## TASK GOAL
Exact copy, no pictures: output each line below as it stands.
Start of GIVEN MATERIAL
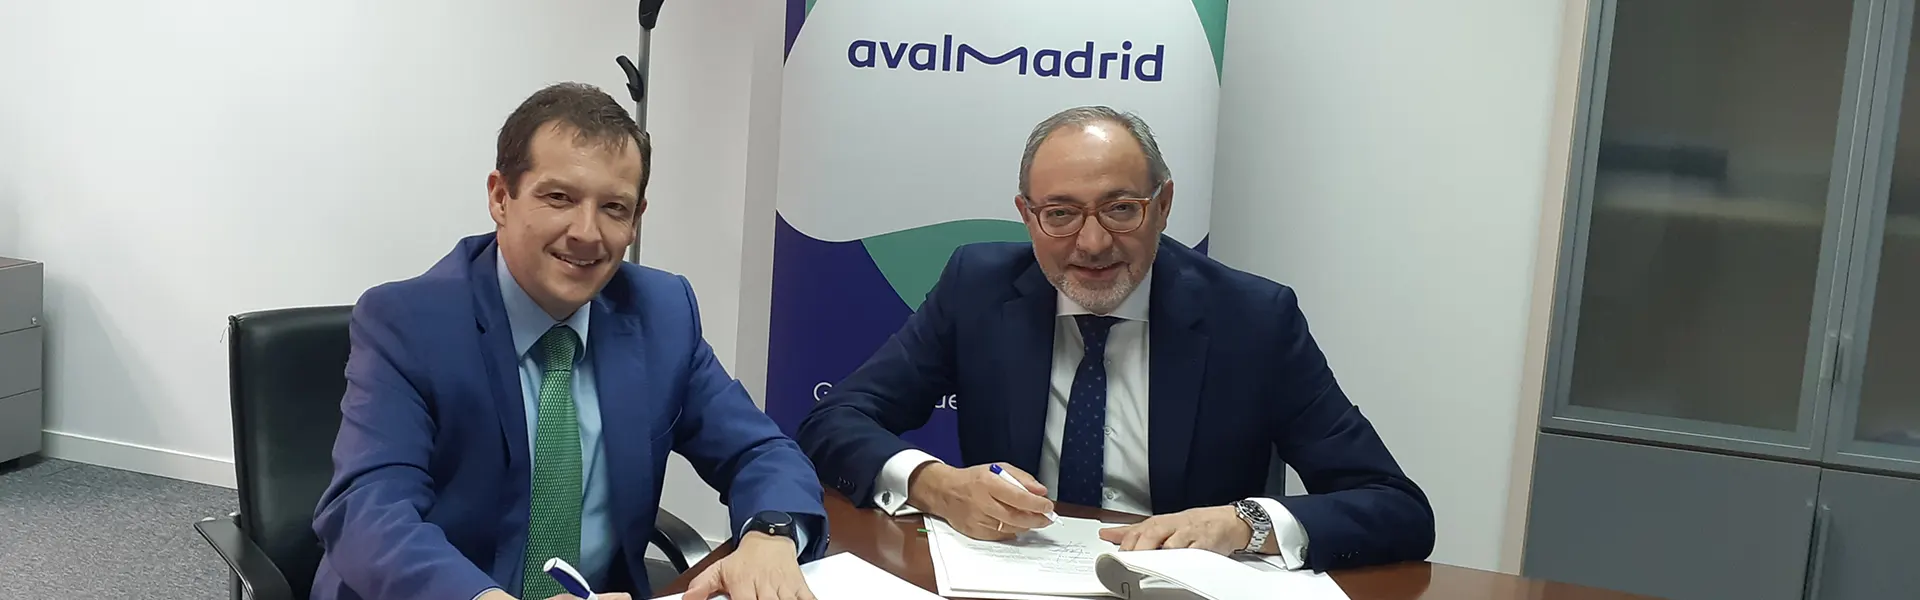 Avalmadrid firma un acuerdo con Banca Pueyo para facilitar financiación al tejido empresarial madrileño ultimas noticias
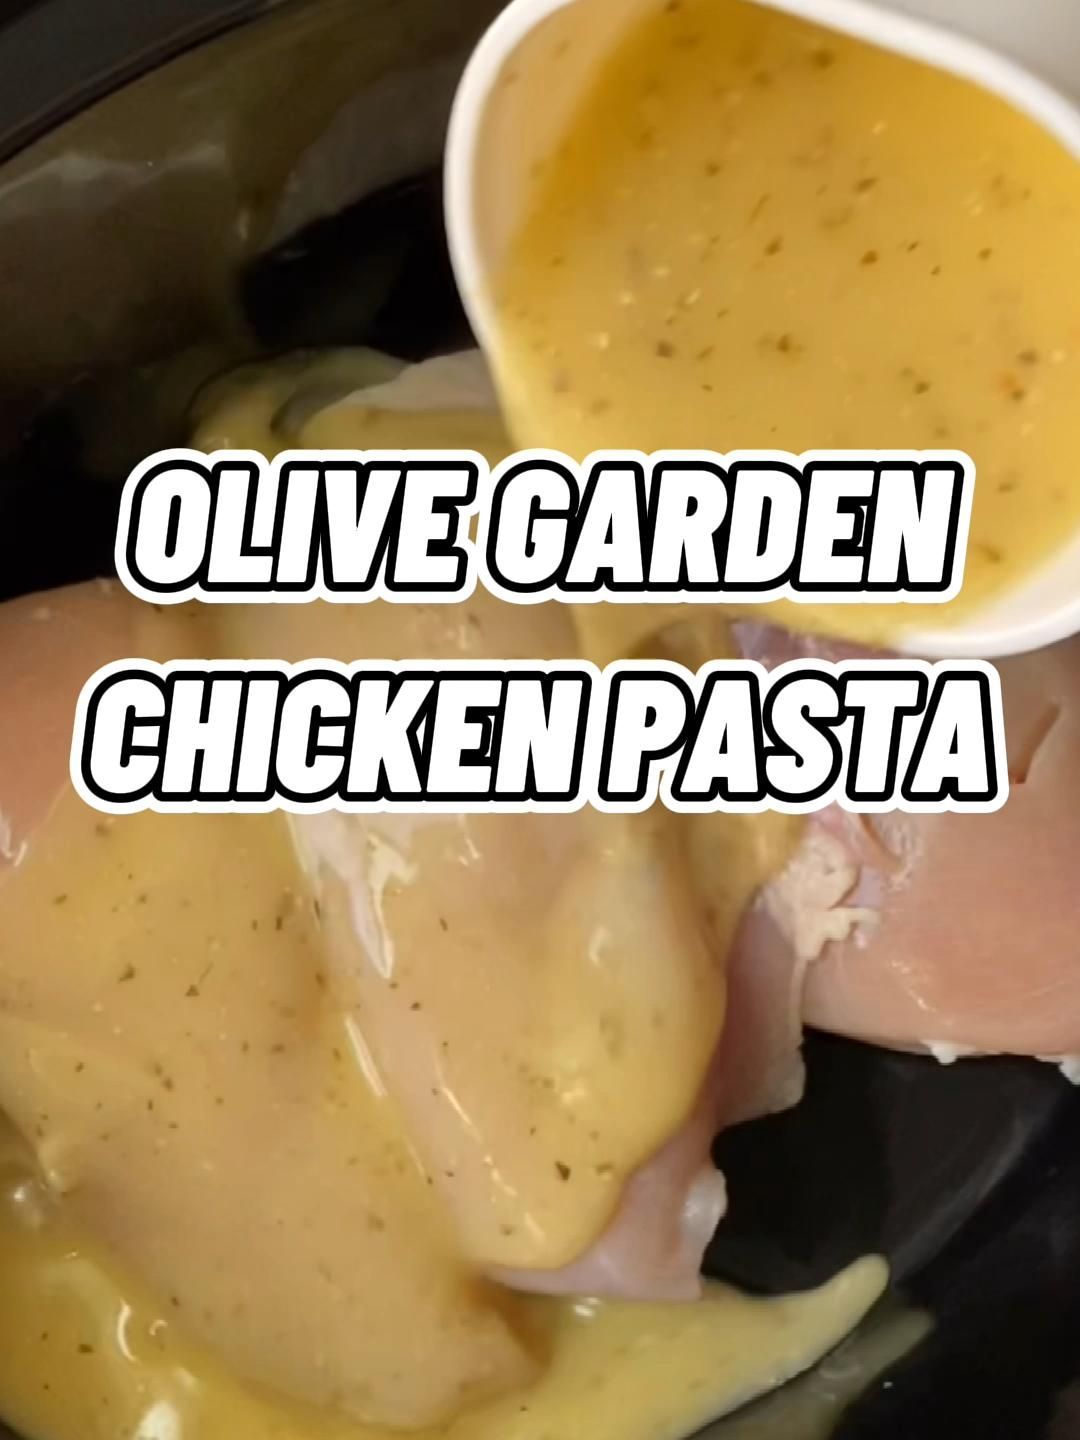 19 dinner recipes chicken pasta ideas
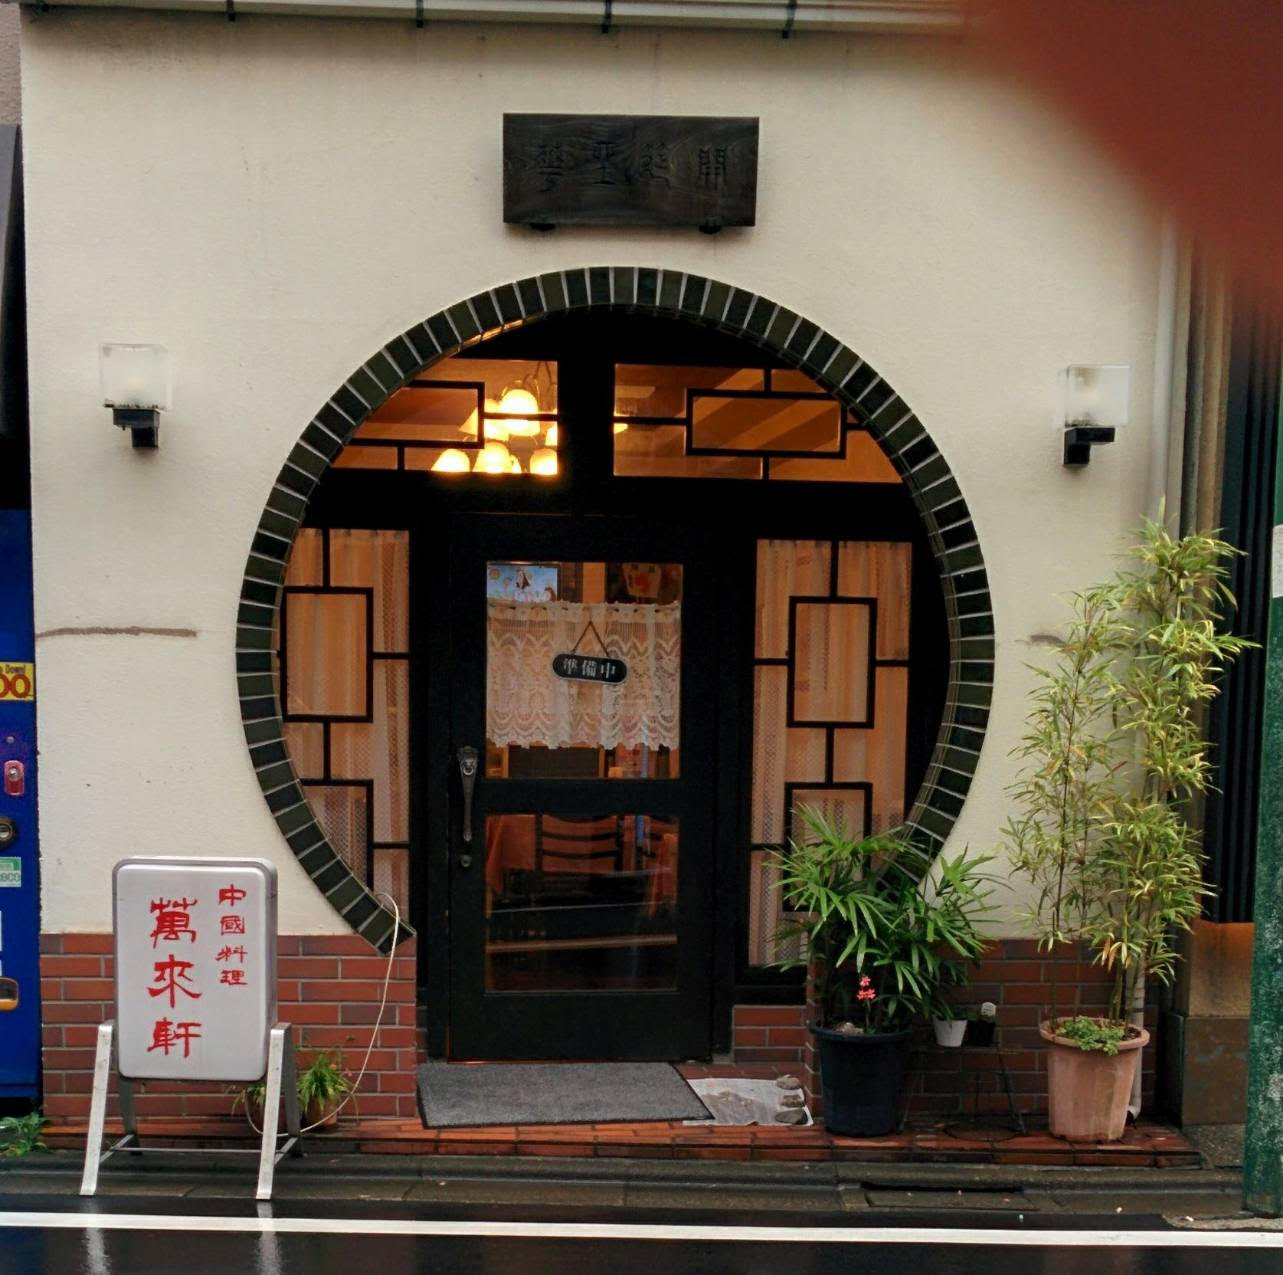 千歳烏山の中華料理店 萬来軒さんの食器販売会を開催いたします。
End of GIVEN MATERIAL
## SOLUTION TO THIS PROBLEM
 Avalmadrid firma un acuerdo con Banca Pueyo para facilitar financiación al tejido empresarial madrileño ultimas noticias
 19 dinner recipes chicken pasta ideas
 千歳烏山の中華料理店 萬来軒さんの食器販売会を開催いたします。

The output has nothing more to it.